- **Task goal**
Pictures excluded, reproduce exactly the lines below from the one with "Museu Nacional - Itinerari virtual Romànic" through the one with "Unbearbeitete natursteine als", both included.

- **Supplied data**
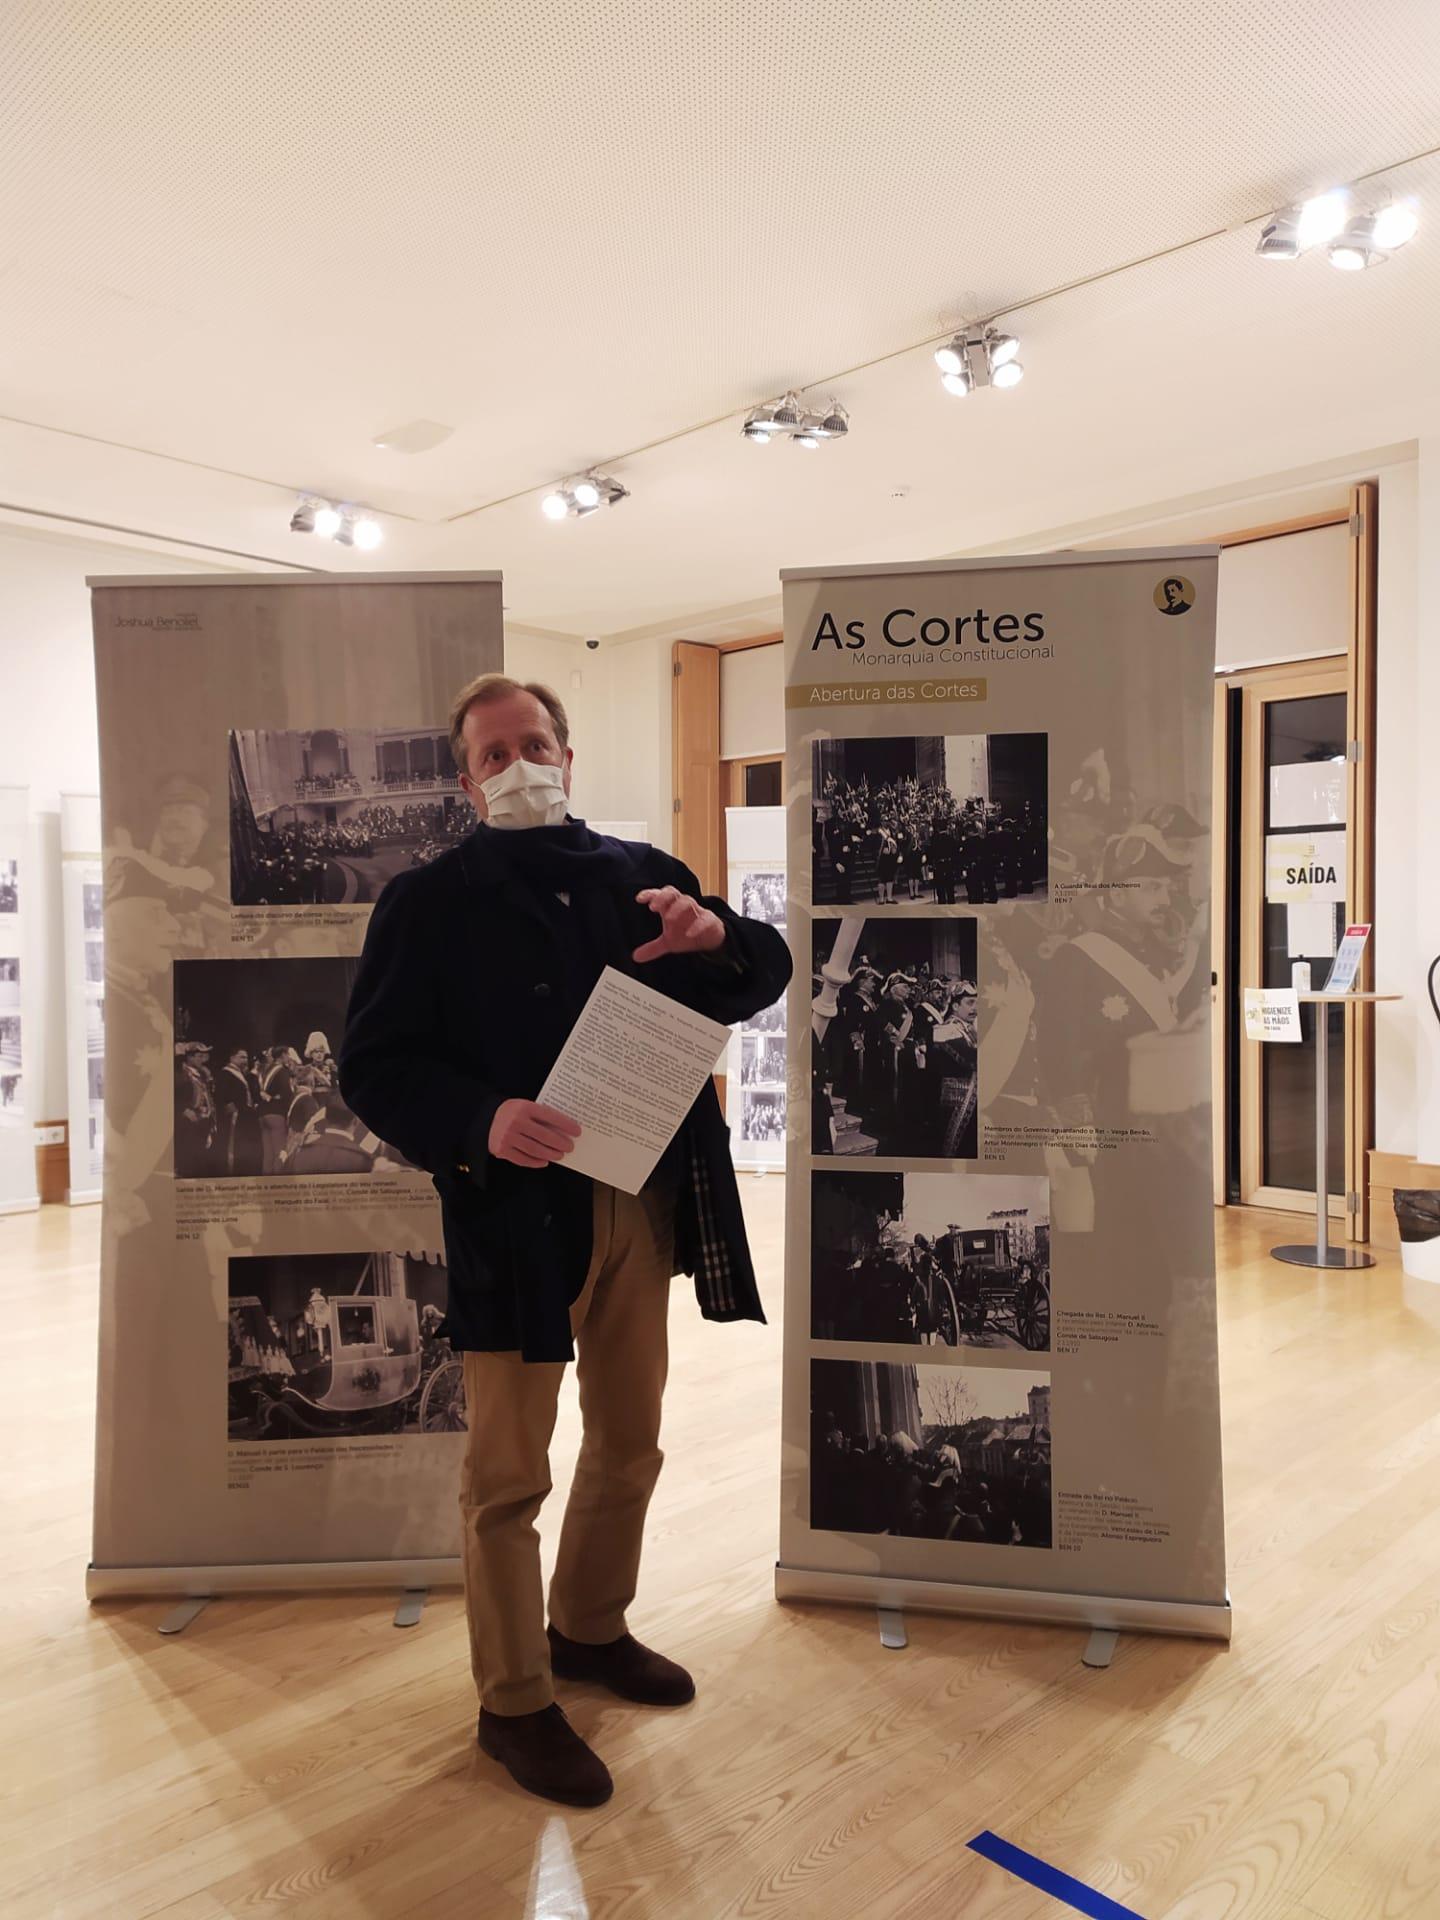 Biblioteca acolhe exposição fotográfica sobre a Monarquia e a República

---

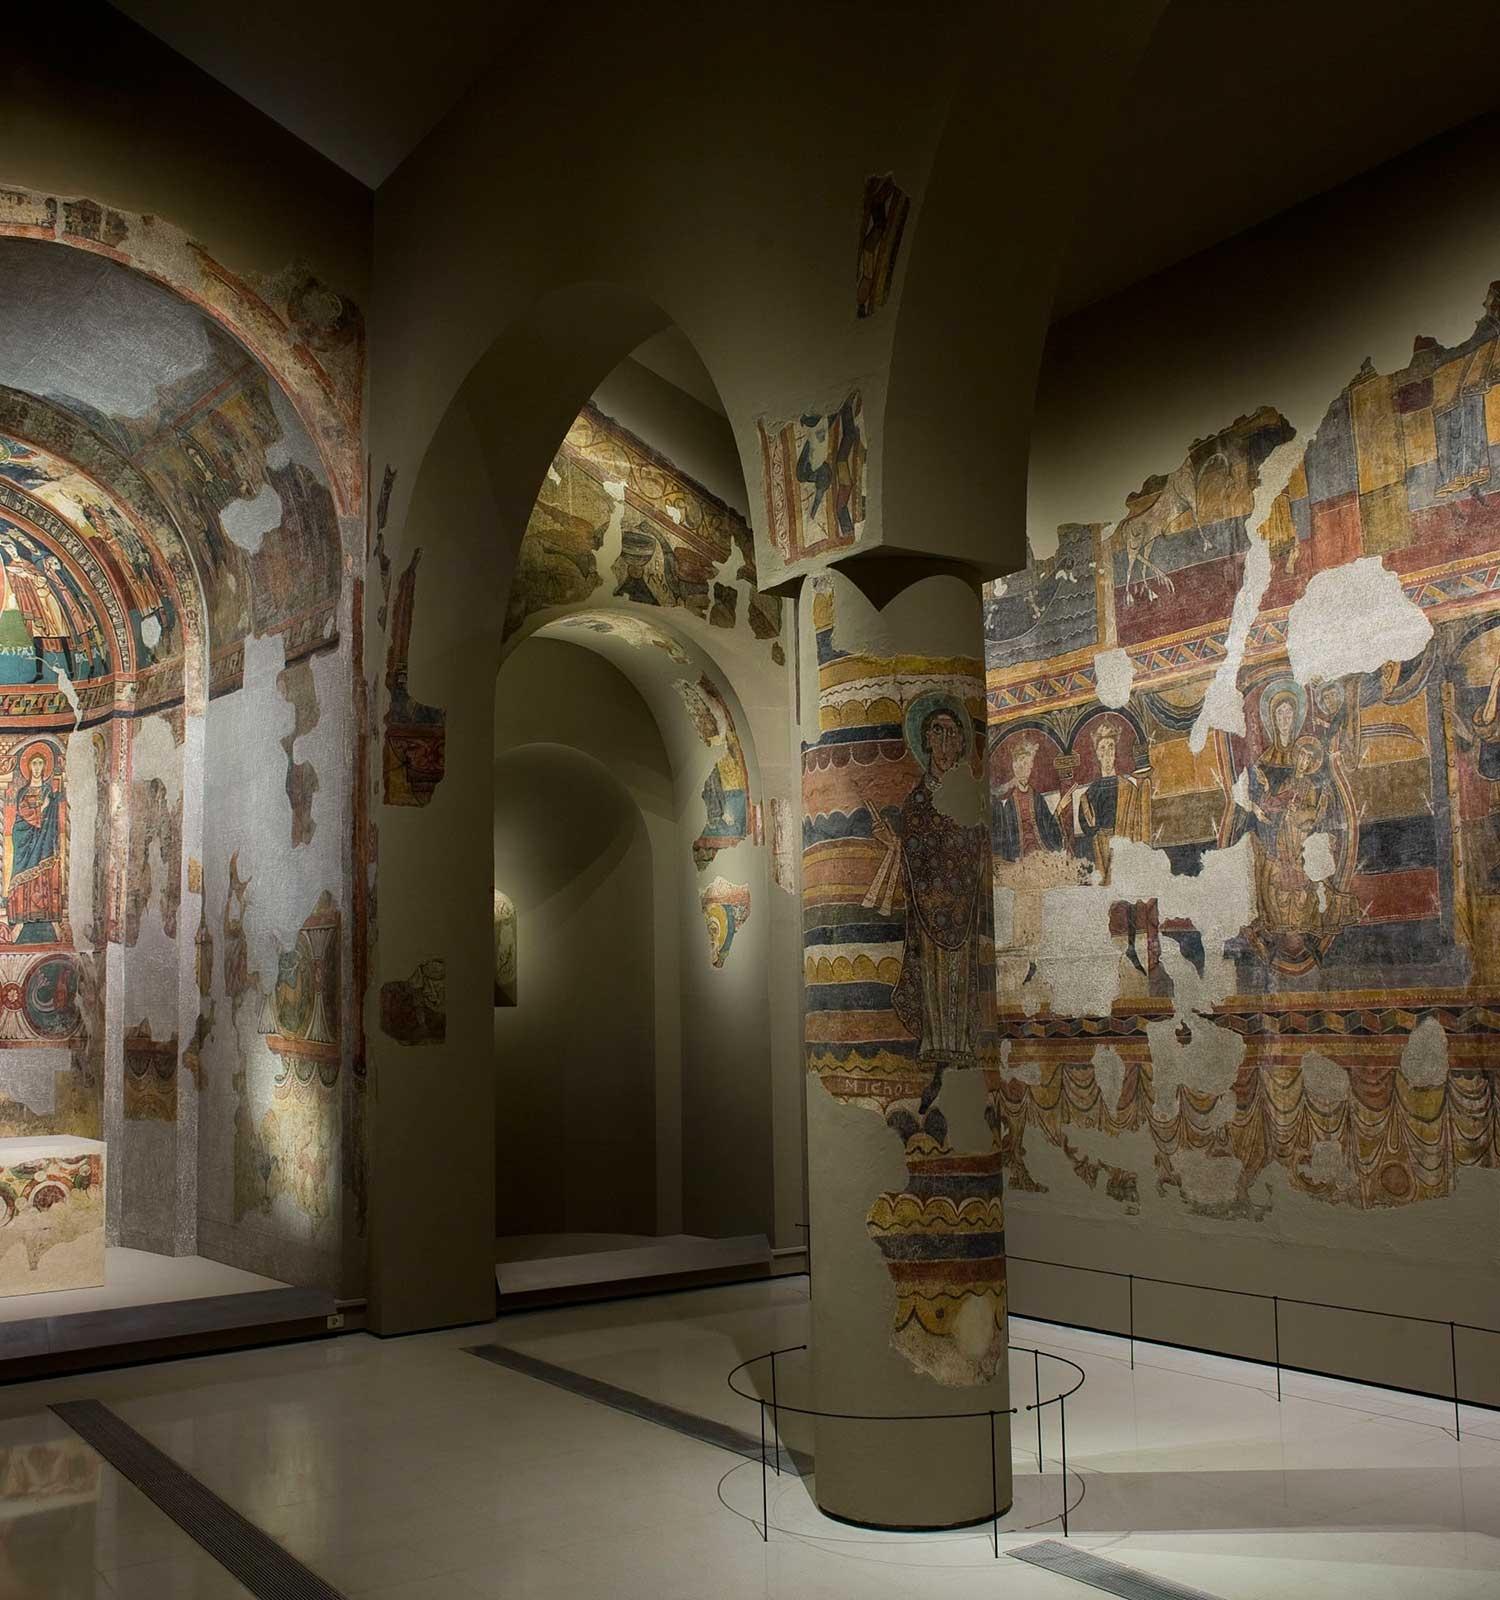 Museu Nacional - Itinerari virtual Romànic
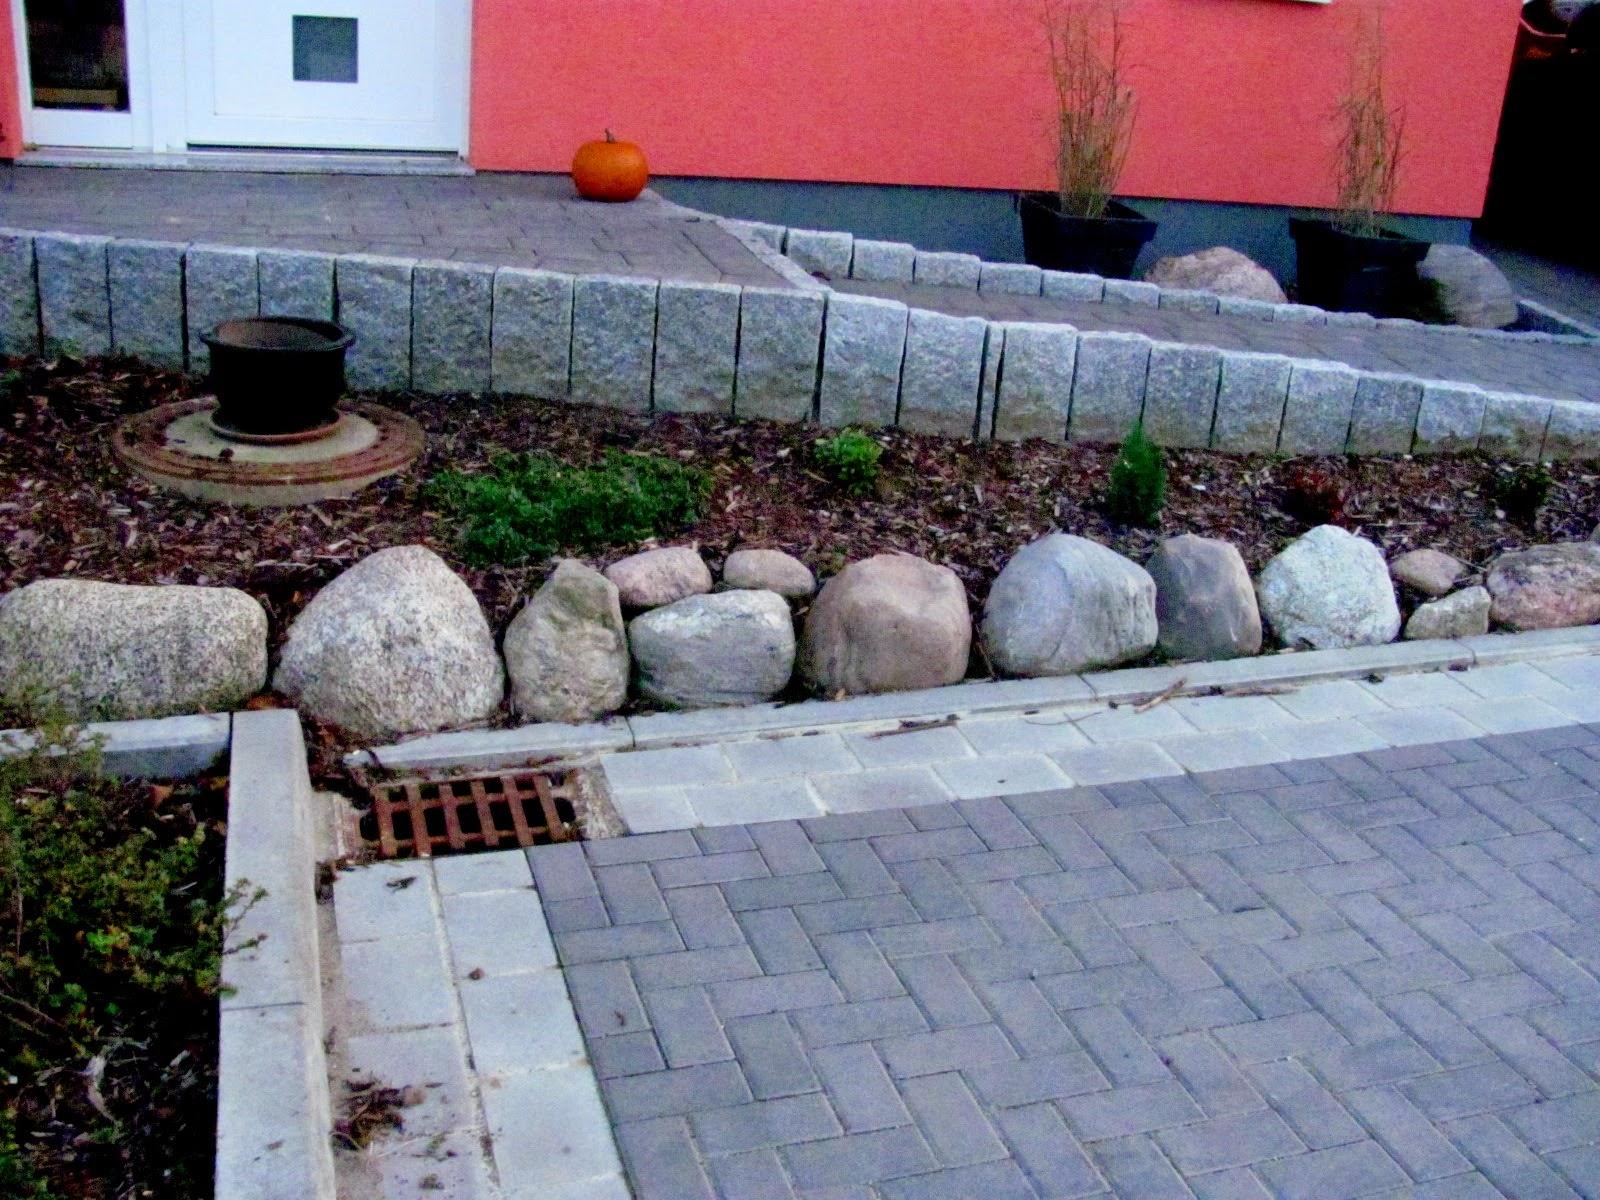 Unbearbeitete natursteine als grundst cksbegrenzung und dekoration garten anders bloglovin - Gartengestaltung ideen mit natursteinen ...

...

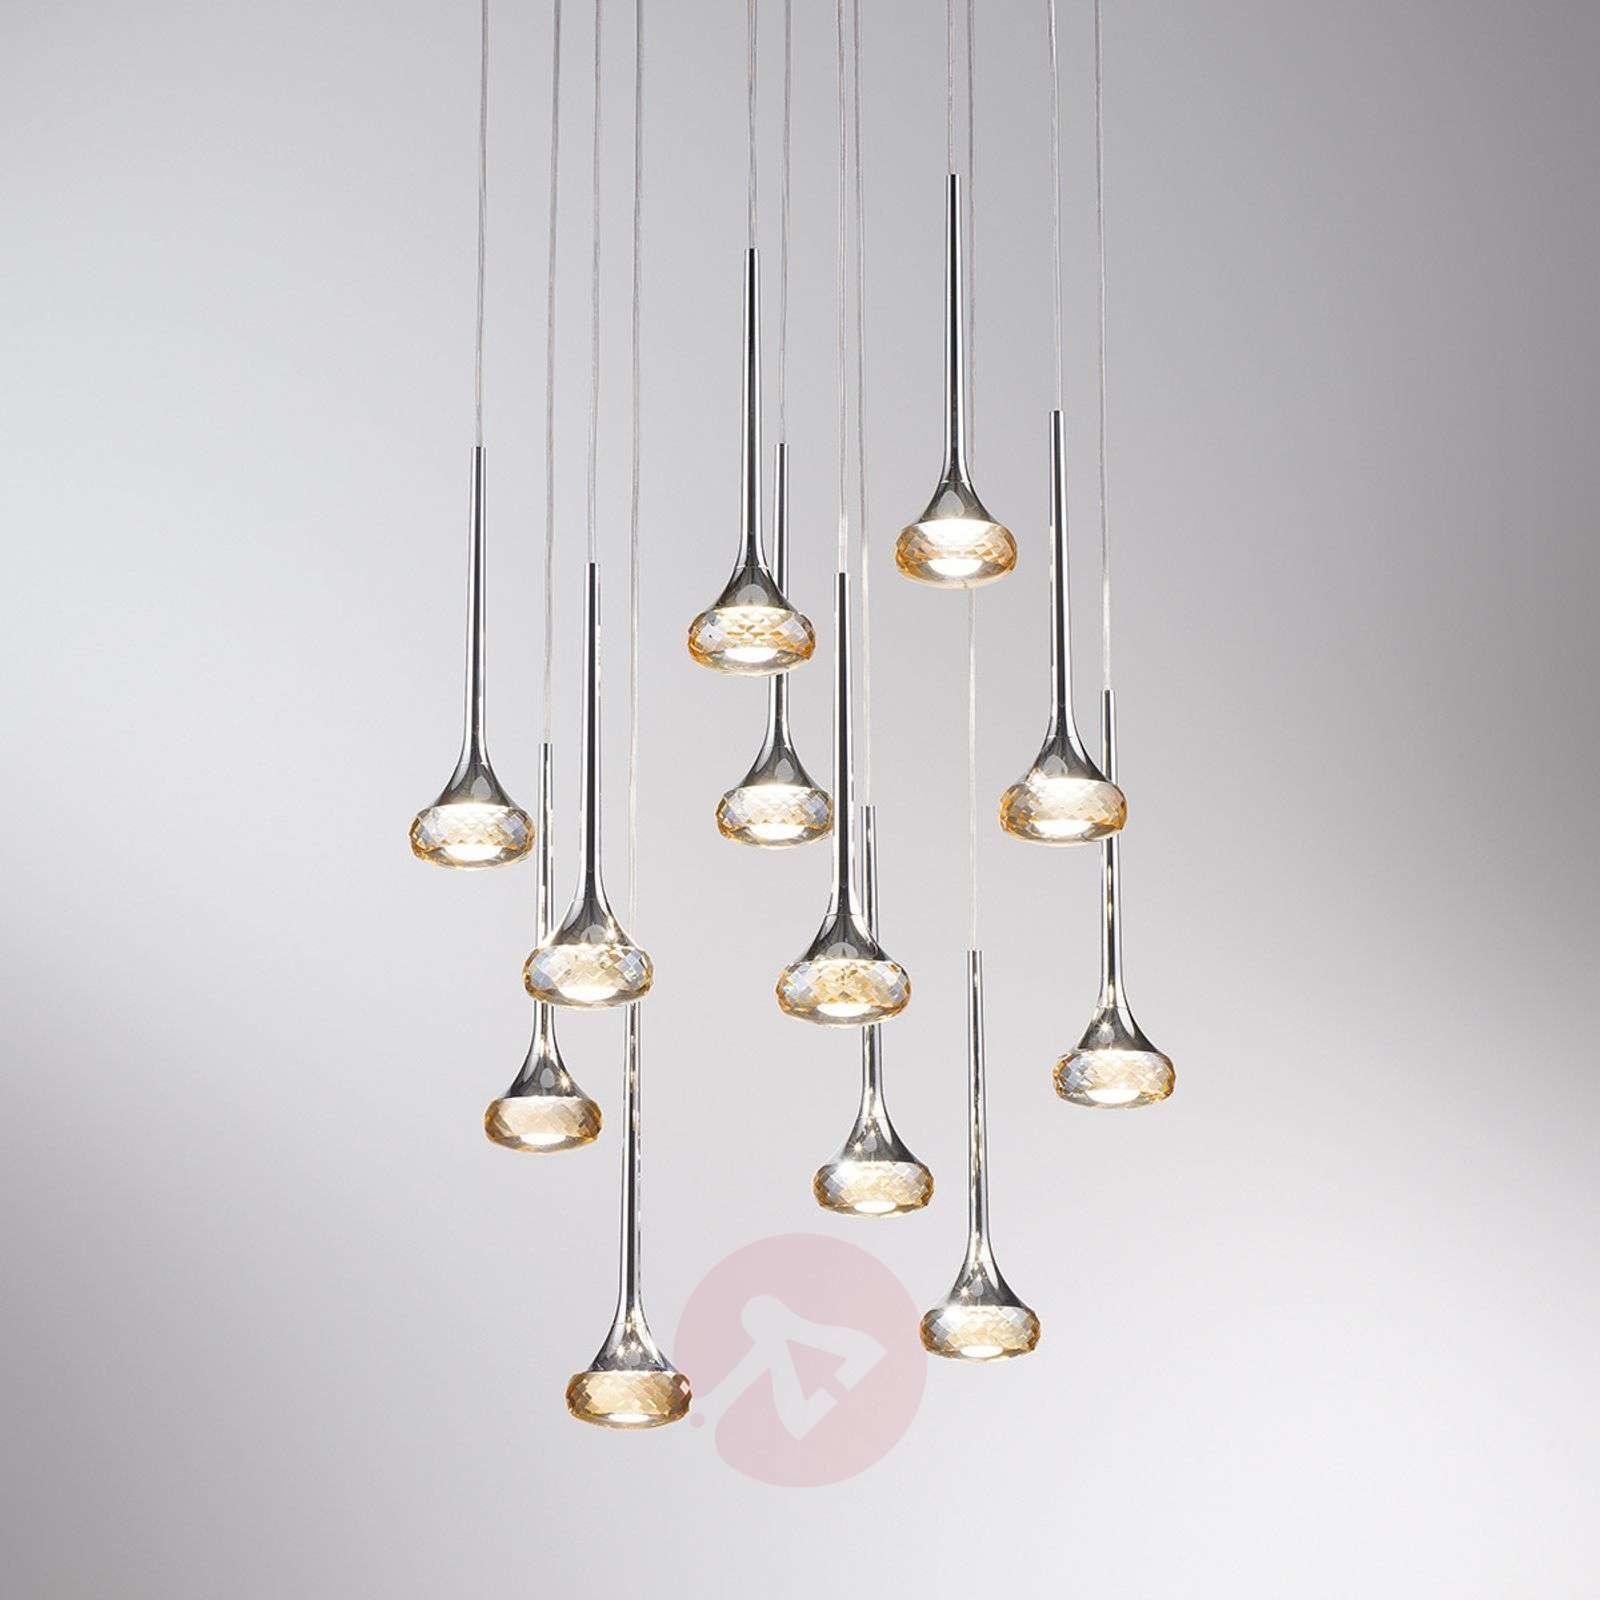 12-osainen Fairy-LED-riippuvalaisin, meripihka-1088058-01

- **Exercise response**
 Museu Nacional - Itinerari virtual Romànic
 Unbearbeitete natursteine als grundst cksbegrenzung und dekoration garten anders bloglovin - Gartengestaltung ideen mit natursteinen ...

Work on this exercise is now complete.